→ Exercise
Taking the line that contains "Tattoo Design Name Allison" as the first and the final line of the records as the last, write out every line between them exactly, ends included, and nothing else.

→ Data extracts
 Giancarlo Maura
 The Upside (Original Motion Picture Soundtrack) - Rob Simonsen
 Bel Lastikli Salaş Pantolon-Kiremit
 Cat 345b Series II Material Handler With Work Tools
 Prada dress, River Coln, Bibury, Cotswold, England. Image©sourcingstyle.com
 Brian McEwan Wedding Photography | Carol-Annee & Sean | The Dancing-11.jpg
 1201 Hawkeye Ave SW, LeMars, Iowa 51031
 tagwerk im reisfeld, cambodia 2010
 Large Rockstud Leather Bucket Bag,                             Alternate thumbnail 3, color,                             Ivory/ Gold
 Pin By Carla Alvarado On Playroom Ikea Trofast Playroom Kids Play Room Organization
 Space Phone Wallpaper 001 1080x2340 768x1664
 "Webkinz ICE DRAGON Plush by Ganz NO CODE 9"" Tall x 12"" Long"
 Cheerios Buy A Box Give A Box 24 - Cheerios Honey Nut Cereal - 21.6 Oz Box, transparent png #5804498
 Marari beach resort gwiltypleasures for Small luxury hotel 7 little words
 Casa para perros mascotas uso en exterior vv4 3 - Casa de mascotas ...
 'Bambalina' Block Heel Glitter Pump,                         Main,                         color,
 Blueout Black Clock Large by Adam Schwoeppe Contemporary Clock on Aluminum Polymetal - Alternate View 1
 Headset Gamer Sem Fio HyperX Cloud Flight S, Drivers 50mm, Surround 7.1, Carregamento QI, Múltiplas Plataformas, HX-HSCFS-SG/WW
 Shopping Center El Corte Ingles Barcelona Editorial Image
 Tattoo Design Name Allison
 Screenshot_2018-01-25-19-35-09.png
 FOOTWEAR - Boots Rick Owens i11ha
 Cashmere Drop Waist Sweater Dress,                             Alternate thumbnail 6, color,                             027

→ Reply
 Tattoo Design Name Allison
 Screenshot_2018-01-25-19-35-09.png
 FOOTWEAR - Boots Rick Owens i11ha
 Cashmere Drop Waist Sweater Dress,                             Alternate thumbnail 6, color,                             027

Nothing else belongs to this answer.